In March 2008, he swam on the team that set a new Israeli record in the 4×200 meter freestyle relay, at 7:20.87, at the 2008 European Championships in Eindhoven, Netherlands. In July 2008, he set a new Israeli record in the 200 meter freestyle, at 1:48.76 at the Croatian Open Championships in Dubrovnik, Croatia. He broke his own national record in the 200 meter freestyle the next month at the Olympics.

In July 2009, he set a new Israeli record in the 100 meter freestyle, at 48.93, at the World Championships in Rome, Italy. Also at the 2009 World Championships, he swam on the team that set a new Israeli record in the 4×100 meter medley relay, at 3:36.23.

In August 2009, he won gold medals in the 50 m (22.75; surpassing the 14-year-old former record of 22.79), 100 m (49.49), 200 m (1:49.36), and 400 m freestyle races at the Israeli Summer National Championships at Wingate Institute in Netanya. In July 2010, he won gold medals in the 50 m, 100 m (49.89), 200 m, and 400 m freestyle races at the Israeli Long Course National Championships.

===College===
After high school, Nimrod Shapira attended the University of Arizona, where he majored in Business Management. In 2009, he was a silver medalist at the NCAA Championships at College Station, Texas as part of the Arizona Wildcats 800 free relay team (6:11.82), and in 2010, he was a bronze medalist in the same event in Columbus, Ohio. He was honored as a member of the Pac-10 All-Academic First Team. He was named the Counsilman-Hunsaker National Collegiate Swimmer-of-the-Week on November 17, 2010, and again honored in 2011 as a member of the Pac-10 All-Academic First Team. His fastest times in college competitions, through March 2011, were 19.92 in the 50 yard freestyle (2010), 42.37 in the 100 y freestyle (2011), 46.44 in the 100 y fly (2010), 1:33.50 in the 200 y freestyle (2010), 1:43.71 in the 200 y fly (2010), and 1:44.85 in the 200 y IM (2011).

===Olympics===

Shapira is a two-time Olympian. He competed on behalf of Israel at the 2008 Summer Olympics in Beijing, China. In the 100 meter freestyle he swam a 49.10 (a national record) and came in 26th, and in the 200 meter freestyle he swam a 1:47.78 (also a national record) in the first heat, and a 1:48.16 in the semi-finals, coming in 15th. He was the first Israeli swimmer to compete in an Olympic semi-finals.

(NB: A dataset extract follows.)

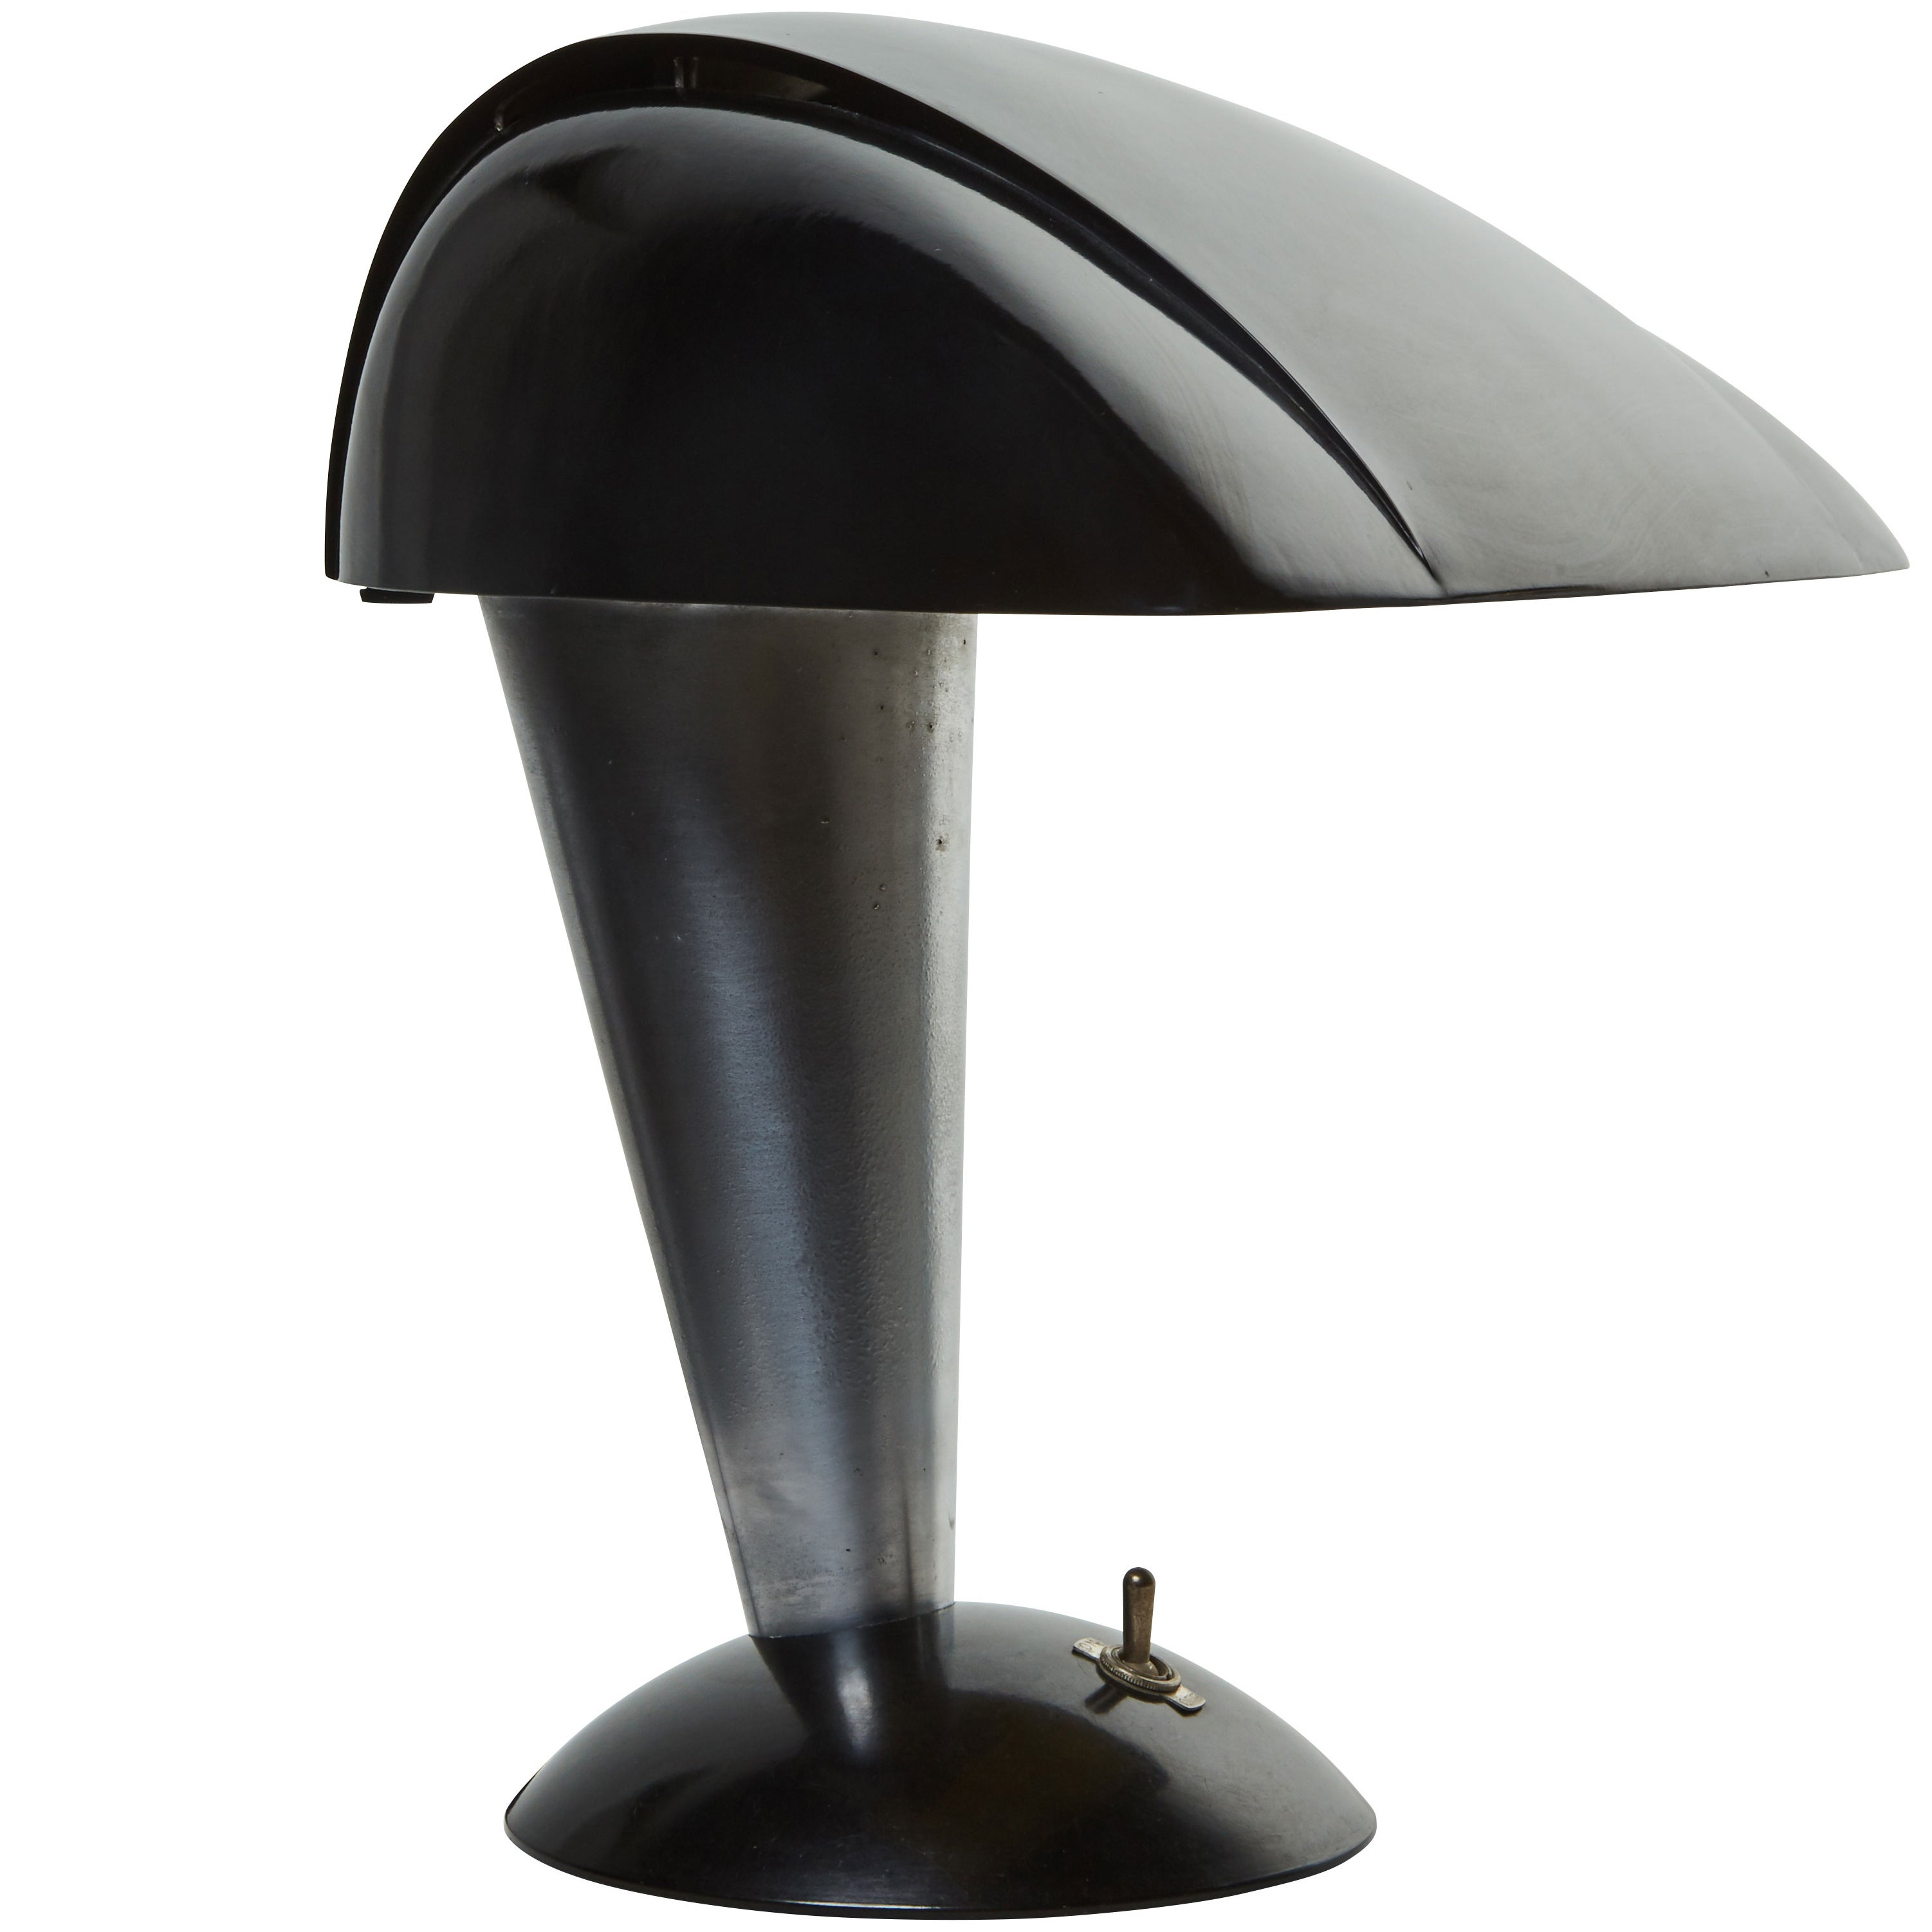 Polaroid Desk Lamp - 2 For Sale on 1stDibs | polaroid lamp

He competed on behalf of Israel at the 2012 Summer Olympics, in London in the 200 m freestyle, finishing in 21st place.

===Maccabiah Games===
He won a silver medal in the 100 m freestyle (49.02; behind Jason Lezak, and a new Israeli record) at the July 2009 Maccabiah Games.

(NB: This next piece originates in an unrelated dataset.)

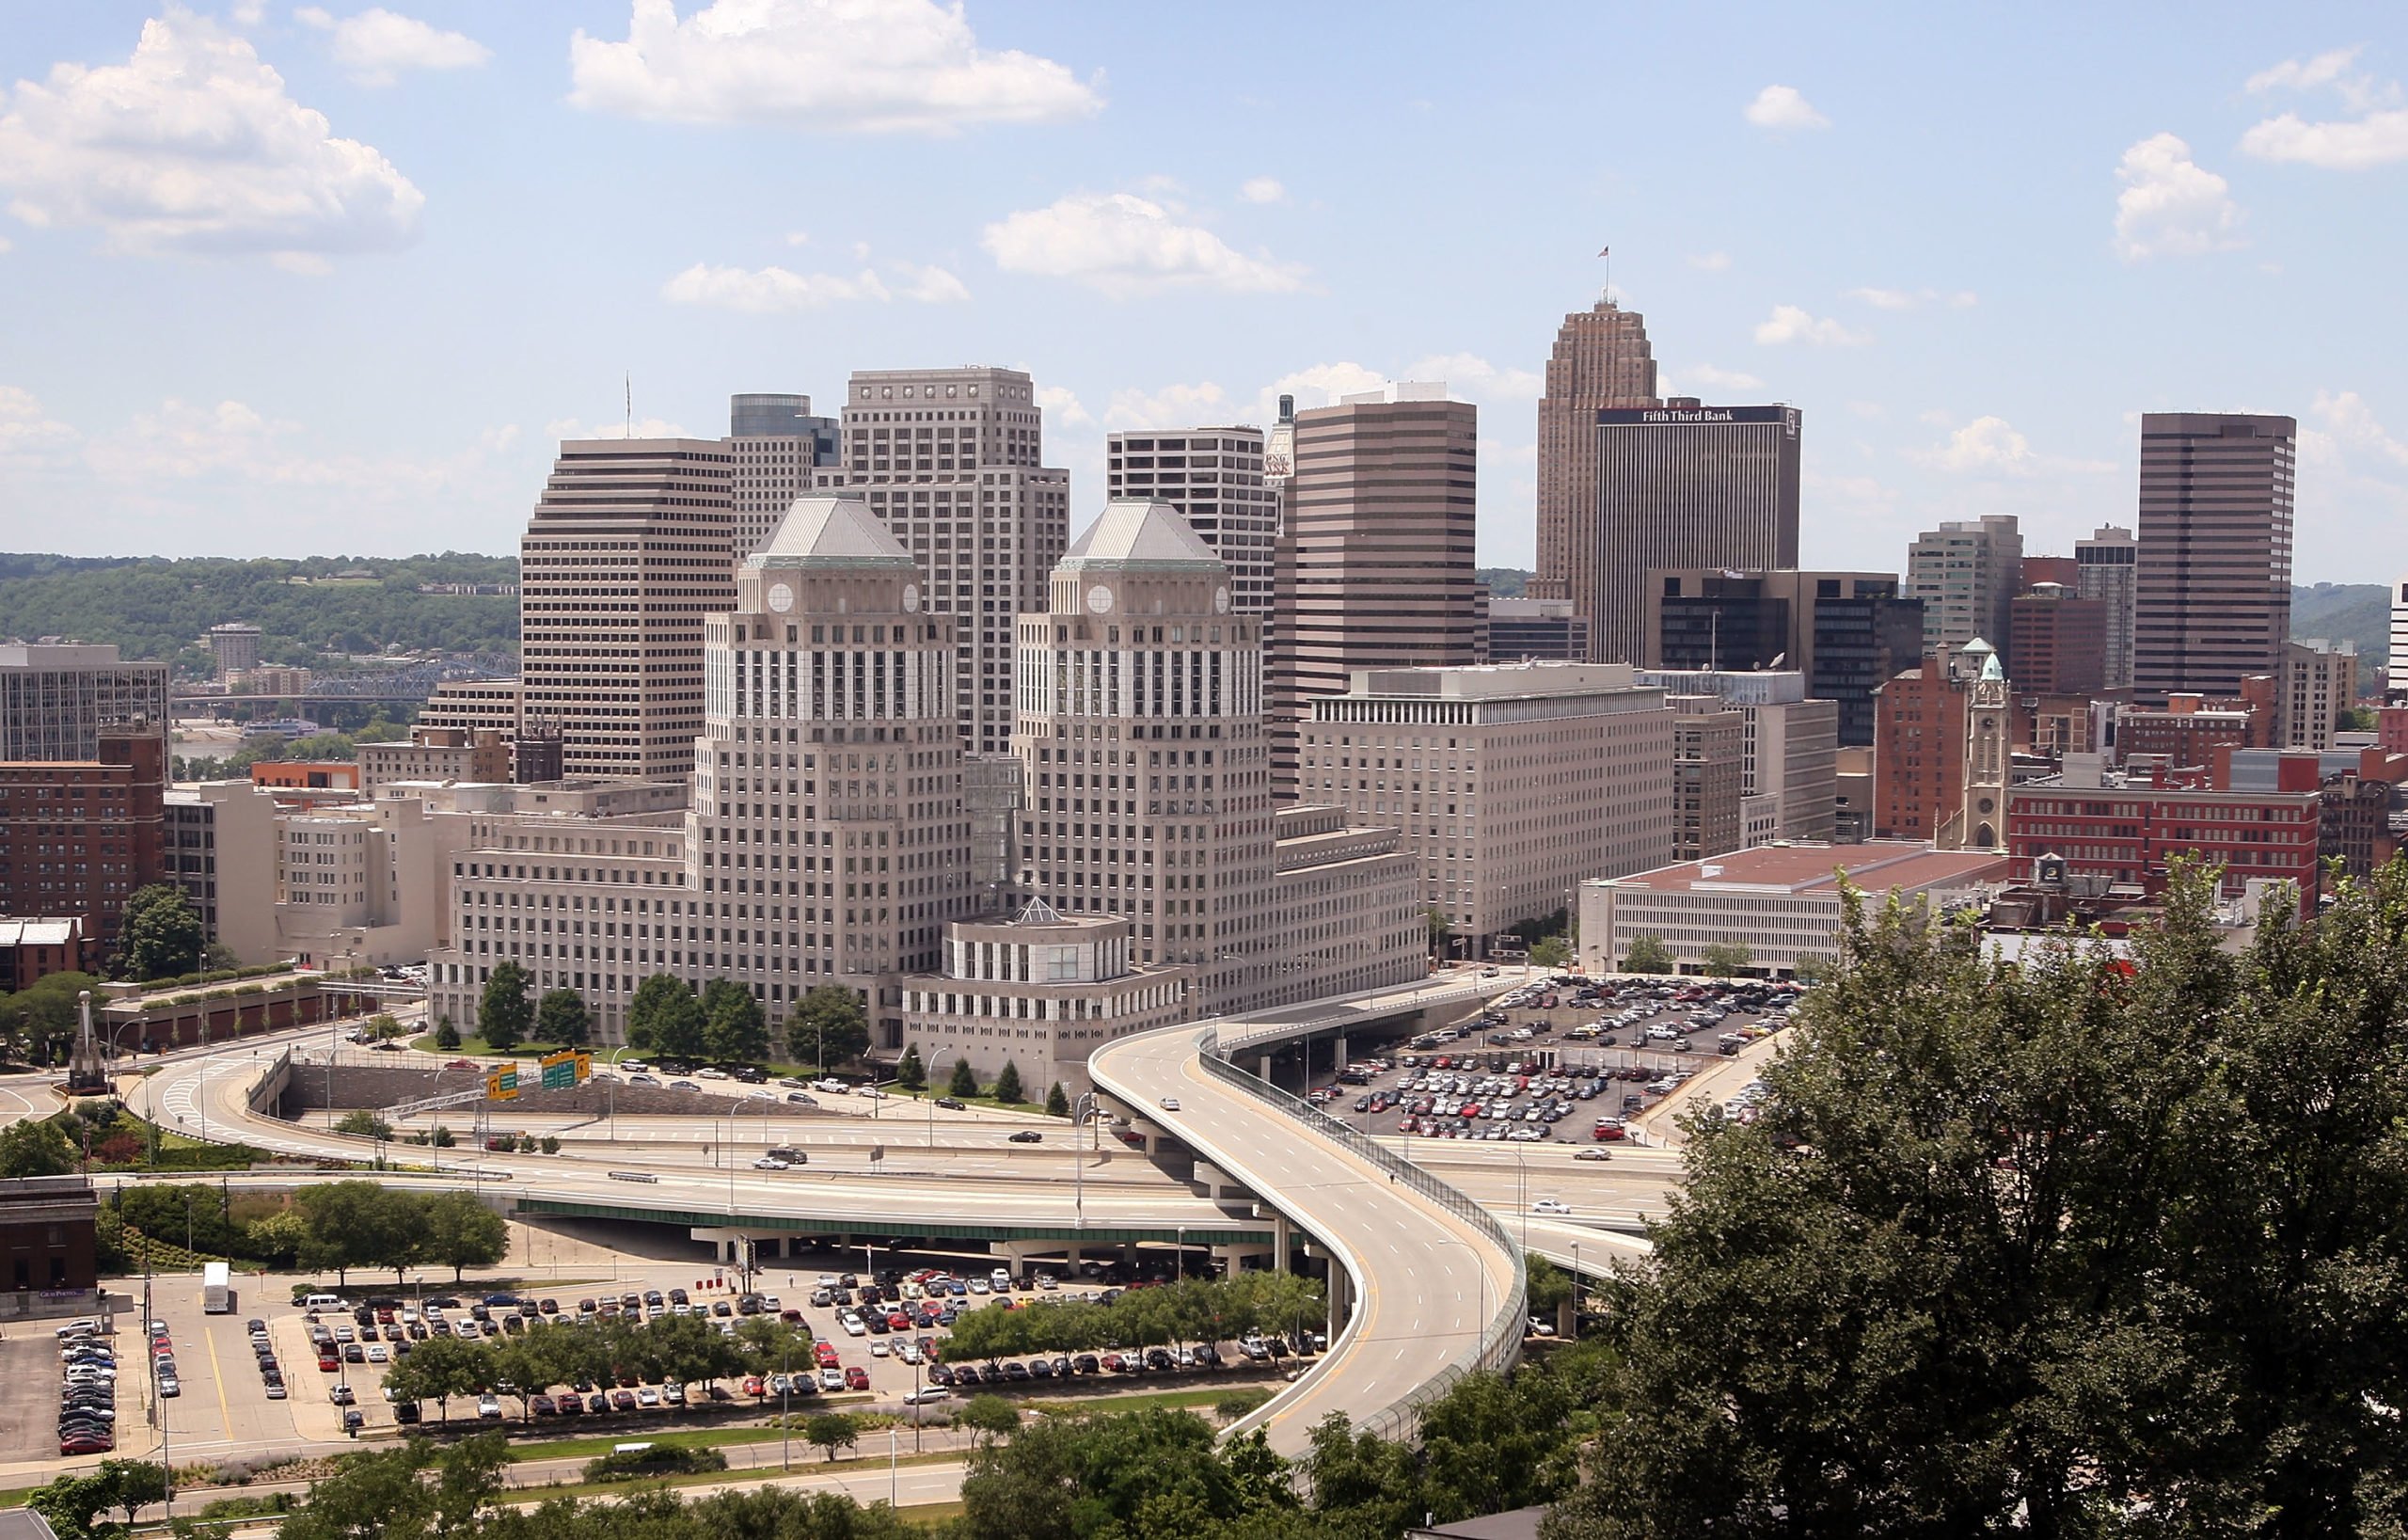 The skyline of Downtown Cincinnati, Ohio. (Scott Olson/Getty Images)

=== Entrepreneurship and business ===
Shapira was born to a family of business owners and saw all the ups and downs that came with owning your own business. At age 7, he began to raise and sell rabbits from his family farm in South Israel. Upon graduating The University of Arizona in 2013, he got into the business side of the swimming world and started a swim club and swim school. After starting AquaSwimClub with only $480 and turning it into a successful 7-location business, Shapira began to focus more on the swim school side of the industry. Today, AQUAfin Swim School is the number one swim school in Northeast Florida, with 3 locations in and around Jacksonville, FL and still growing. Shapira has recently begun his journey as a franchisor with AQUAfin Swim School's first franchise location opening in August 2022 in Orange City, FL. He is also a real estate investor with $6m+ of personal holdings.